Model Development & Iteration

Models for Time Series Forecasting

Configuration Management

  • Uses config/edf_config.yaml version-controlled in Git.

  • File uploaded to S3 by CI/CD.

  • Scripts load config from S3 URI passed via environment variable/argument.

  • Includes sections for feature_engineering, training (with nested model hyperparameters), evaluation (thresholds), inference (schedule, instance types, DB config).

  • Secrets managed via AWS Secrets Manager / SSM Parameter Store.

Infrastructure as Code (Terraform)

  • Manages all AWS resources for EDF pipelines.

  • Stacks:

    • training_edf: ECR Repo (edf-training-container), Model Package Group (EDFBuildingDemandForecaster), Lambda (RegisterEDFModelFunction), Step Function (EDFTrainingWorkflow), associated IAM roles. Optionally Feature Group (edf-building-features). Requires outputs from ingestion.

    • inference_edf: Timestream DB/Table (or RDS/DDB), Lambdas (GetModel, CreateModel - potentially reused; LoadForecasts), Step Function (EDFInferenceWorkflow), EventBridge Scheduler, API Gateway Endpoints/Lambdas (for serving), associated IAM roles. Requires outputs from ingestion and training_edf.

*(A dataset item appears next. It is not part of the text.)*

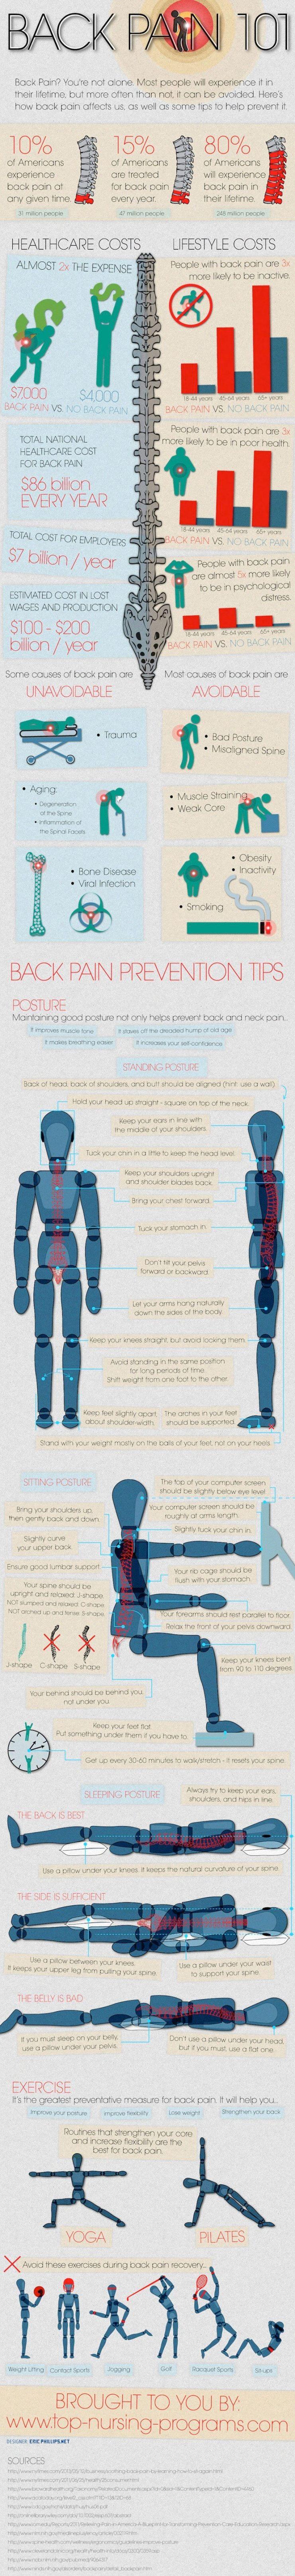 Back Pain 101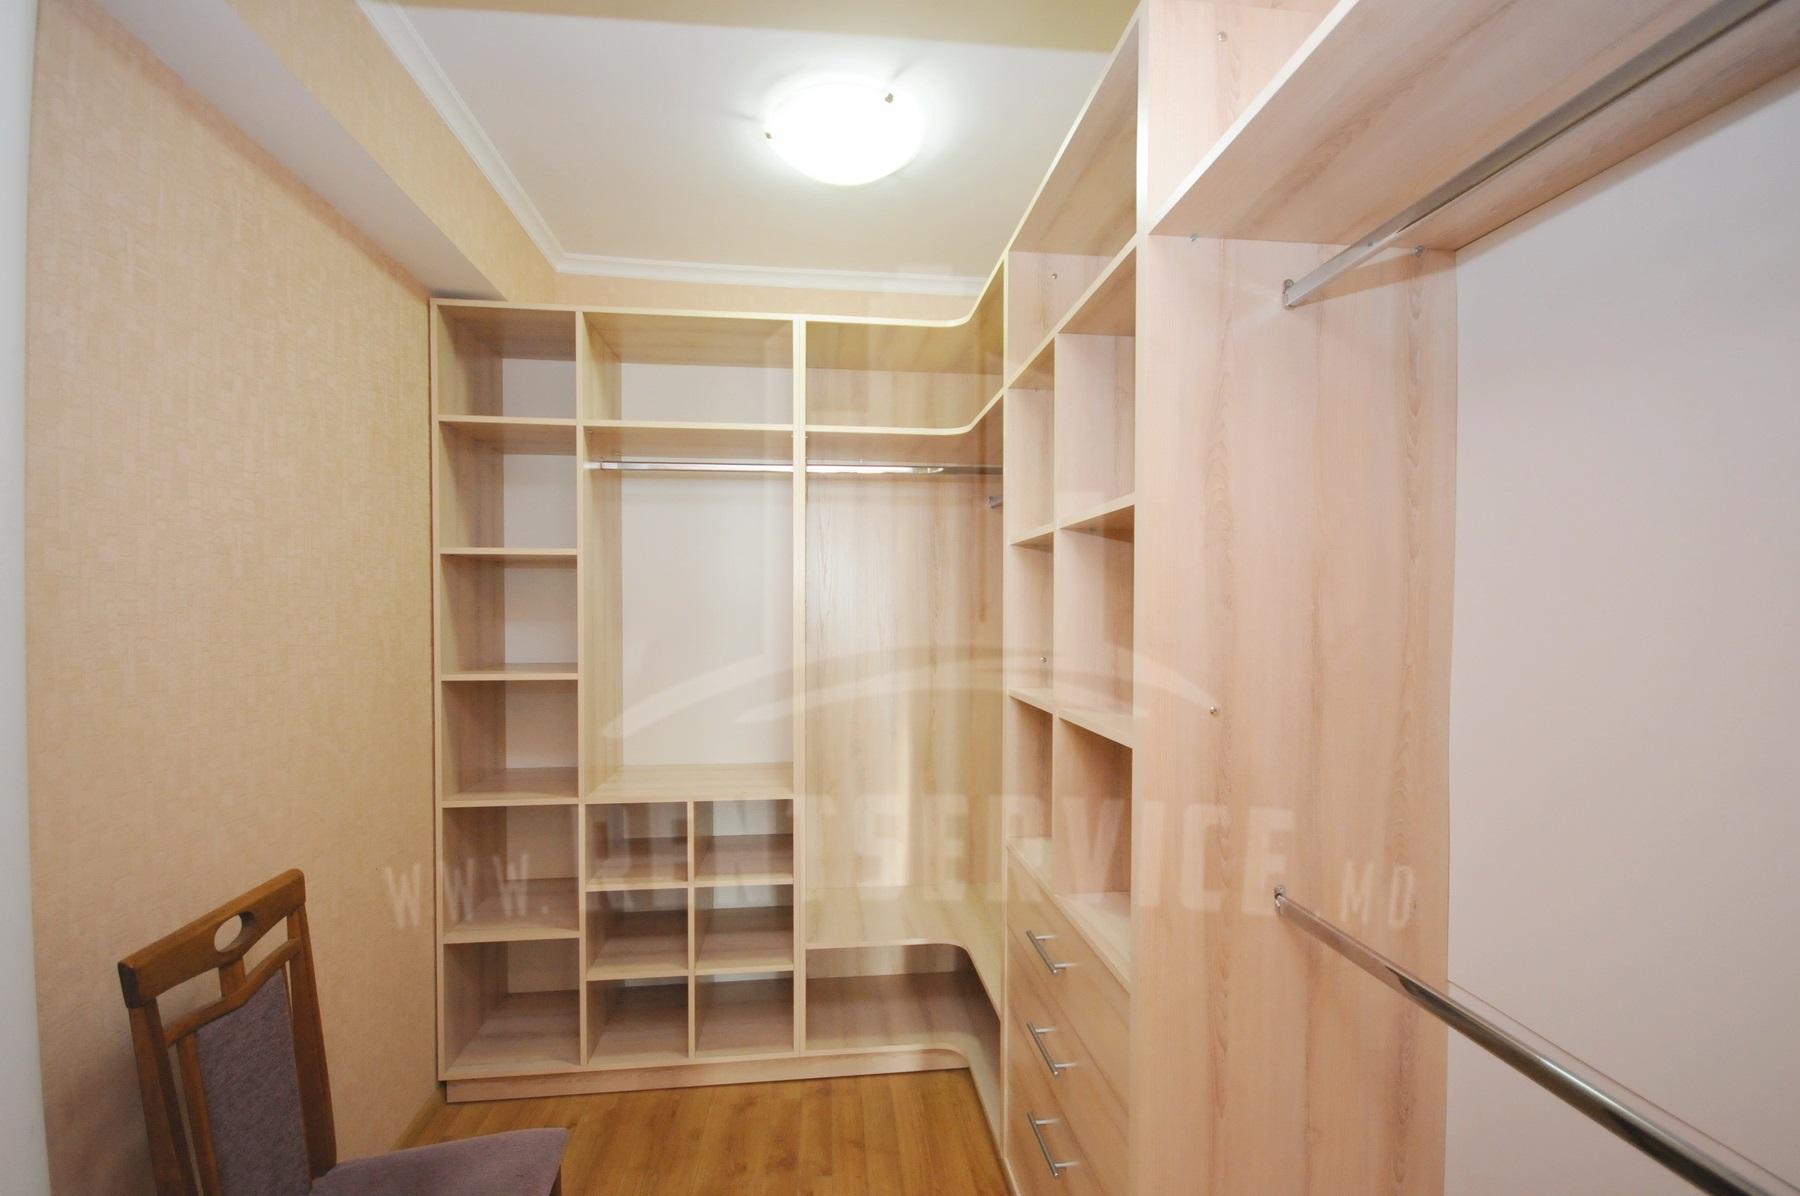 211_apartment_17.JPG

  • State: Remote backend (S3/DynamoDB) configured.

CI/CD Pipeline (Bitbucket)

  • Defined in bitbucket-pipelines.yml.

  • CI (Branches/PRs): Lints, runs ALL unit tests, builds EDF container, pushes to ECR (edf-training-container repo), validates ALL Terraform stacks.

  • EDF Training CD (custom:deploy-and-test-edf-training): Manual trigger. Deploys training_edf stack. Runs EDF training integration tests.

  • EDF Inference CD (custom:deploy-and-test-edf-inference): Manual trigger. Deploys inference_edf stack. Runs EDF inference integration tests (requires approved model).

Deployment & Execution

8.1 Prerequisites: Base AWS setup, Terraform, Docker, Python, Git, Bitbucket config, deployed ingestion stack.

8.2 Initial Deployment: Deploy Terraform stacks (training_edf, inference_edf) after ingestion. Build/push EDF container. Upload initial edf_config.yaml. Ensure processed EDF data exists.

8.3 Running Training: Trigger EDFTrainingWorkflow Step Function (schedule/manual) with appropriate input JSON (date range, model strategy, hyperparameters, image URI).

8.4 Running Inference: EDFInferenceWorkflow runs automatically via EventBridge Scheduler. Ensure prerequisite data (processed history, weather forecasts) is available daily.

8.5 Model Approval: Manually review PendingManualApproval packages in the EDFBuildingDemandForecaster group and promote to Approved based on evaluation metrics.

Monitoring & Alerting

  • CloudWatch Logs: Monitor logs for EDF Step Functions, Lambdas, SageMaker Processing Jobs.

  • CloudWatch Metrics: Monitor SFN ExecutionsFailed, Lambda Errors/Duration, Processing Job CPU/Memory, Timestream/RDS metrics (if applicable), API Gateway Latency/4XX/5XX Errors.

  • Forecast Accuracy Tracking: CRITICAL: Implement a separate process (e.g., scheduled Lambda/Glue job) to periodically compare stored forecasts against actual consumption data (loaded later) and calculate ongoing MAPE/RMSE. Log these metrics to CloudWatch or a dedicated monitoring dashboard.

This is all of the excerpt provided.